Public boards seek standing in Sask. school-funding case
Alberta public school boards want their say in a Saskatchewan legal case that could affect how Catholic schools are funded here.
The Public School Boards’ Association of Alberta (PSBAA) is the first to apply for intervener status in the battle of rights playing out in the Saskatchewan Court of Appeal over school funding in the small Saskatchewan village of Theodore.
In April, Saskatchewan Court of Queen’s Bench Justice Donald Layh ruled Catholic schools have no constitutional right to public funding to educate non-Catholic students.

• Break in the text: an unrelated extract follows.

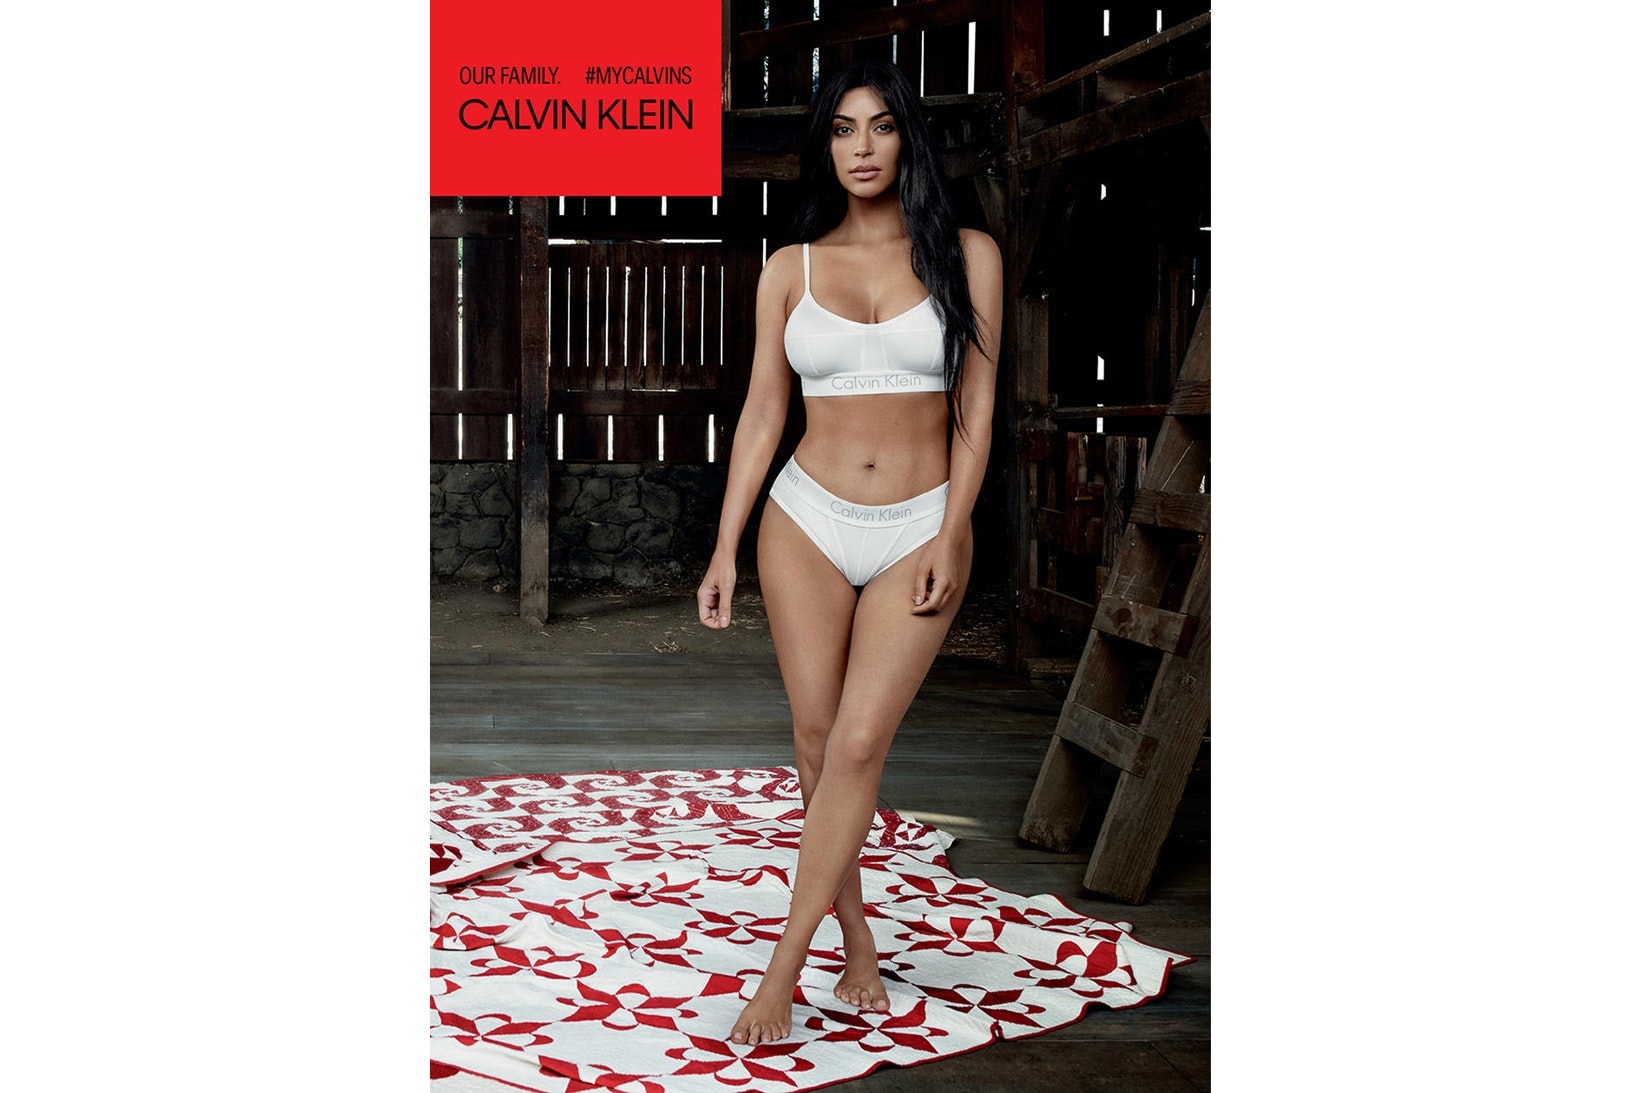 Kardashian-Jenner 五姐妹出鏡 Calvin Klein 最新宣傳大片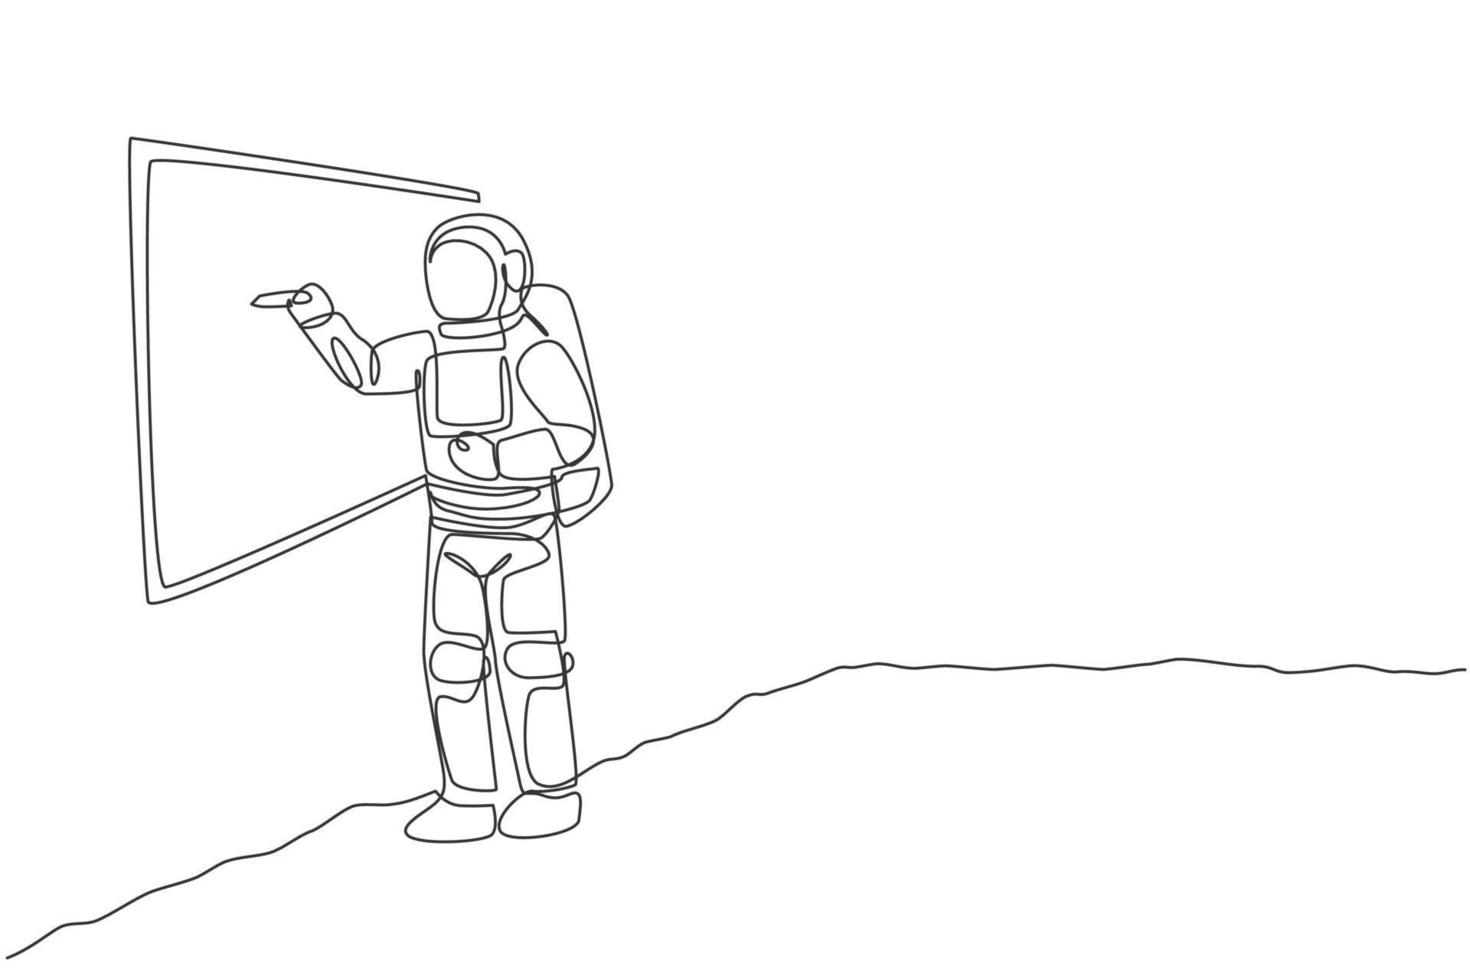 un disegno a tratteggio continuo di un giovane astronauta che spiega la formula e scrive sulla lavagna sulla superficie lunare. concetto di spazio galassia cosmica. illustrazione vettoriale di disegno grafico di disegno grafico a linea singola dinamica

The judge said Saskatchewan is violating the Charter of Rights and Freedoms by paying for nonCatholic students to attend Catholic schools. Saskatchewan’s premier invoked the notwithstanding clause, which delayed potential fallout from the ruling.
If the case makes it to the Supreme Court of Canada, the outcome could affect schools in Alberta, as the two provinces have the same constitutional law governing separate schools, and “materially similar” funding arrangements for public and Catholic schools, the PSBAA said in its Thursday court application.
A quarter of the 42,699 students attending Edmonton Catholic Schools are not Catholic.
The PSBAA was “excited” about Layh’s ruling, and hopes it will be upheld, association president Cathy Hogg said Wednesday.
The system of publicly funded separate schooling enshrined in law in 1905 “may not be the best solution in 2017,” Hogg said.
The Theodore case was sparked by a 2003 effort by parents to keep open a public K-8 school of 42 students. When the school division closed the Theodore school, local families formed a new Catholic school division for the area, which then bought and reopened the school. The majority of students were not Catholic.
The public school district successfully challenged the Catholic school division and the government in court.
The Catholic school division and Saskatchewan government appealed the ruling.